Martin Fayulu was calm but aggrieved when he addressed the press and urged the largest election observer mission to “reveal to the Congolese people the name of the person who truly incarnated the choice of our people.”
In a statement, he described the results as an “electoral hold up” that didn’t reflect the ballots and called on people to “rise as one man to protect victory.”
The observer mission, run by Congo’s powerful Catholic church and known as CENCO, was due to hold a news conference on Thursday afternoon. It wasn’t immediately clear whether they planned to release their own tallies showing Fayulu as the election’s winner.
A discrediting of the election by CENCO could ignite outrage among supporters of Fayulu’s coalition as well as isolate Congo further from an already-skeptical international community. Fayulu and other losing candidates are entitled to appeal the election results.
Voices of doubt were starting to trickle in from outside Congo by Thursday morning.
“We must have clarity on these results, which are the opposite to what we expected,” French Foreign Minister Jean-Yves Le Drian told French media. “The Catholic Church of Congo did its tally and announced completely different results.”

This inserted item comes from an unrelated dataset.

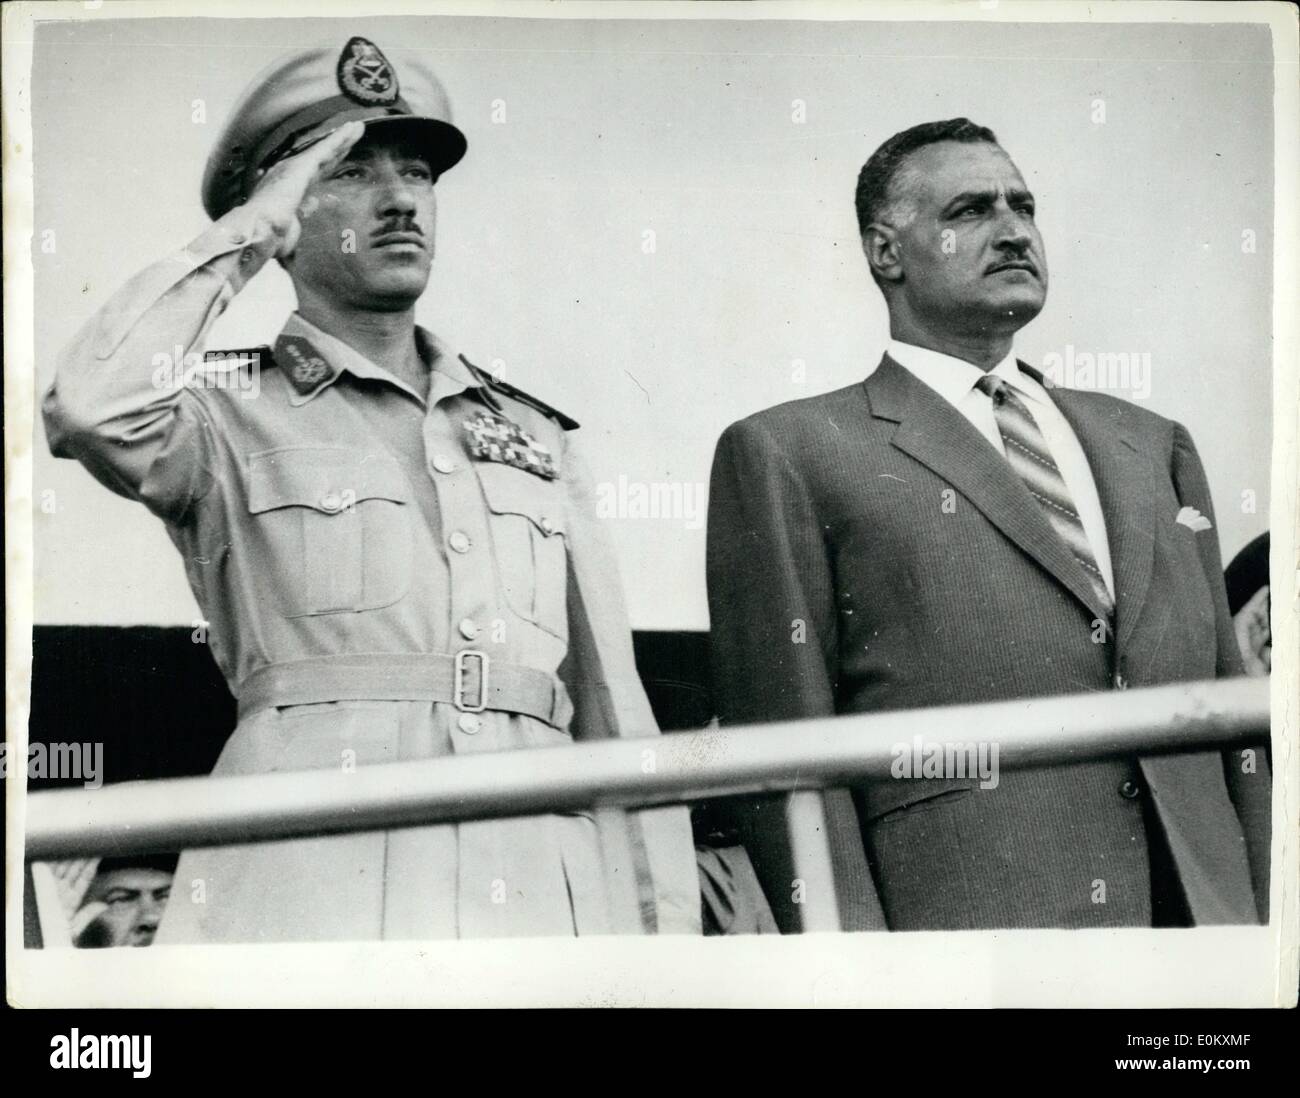 Jul. 07, 1952 - Nasser Shows off his Rockets in Cairo. Takes salute at Anniversary March Past: Egyptian rocket were the centre piece of the recent Military Parade through the streets of Cairo held to celebrate the 10th. Anniversary of the Revolution. The rockets - 'Conqueror' with a range of 400 miles and the Victor (range of 250 miles) - are, according to President Nasser - now under mass production in Egypt. Observers were quick to note that the rockets brought Israel within range of Egypt. Photo shows President Nasser accompanied by Field Marshal Abdul Hakim Amir C.I.C of the U.A Stock Photo

Government spokesman Lambert Mende retorted that the French should keep out of the election.
“France has nothing to do with the vote in the Congo and if Mr. Le Drien thinks Congo is a province or colony of France, he just needs to name the president of Congo.”
The vote was marked by widespread irregularities. In its final report, CENCO said 38 percent of polling stations it observed were missing materials at the start of Election Day, and that in hundreds of cases, ballot boxes were not sealed before counting and polling stations did not properly verify voters’ identities.
A separate domestic observer mission called SYMOCEL said it witnessed 52 major irregularities, including physical tampering with results, in the 101 vote-counting centers it monitored. There were 179 such compilation centers across Congo.
The electoral commission also cited an ongoing Ebola outbreak in postponing voting in the eastern cities of Beni and Butembo, effectively barring more than a million people from the presidential vote in areas that were expected to heavily back Fayulu. The difference in the number of votes received between Tshisekedi and Fayulu countrywide was smaller than the registered voting populations in those two cities.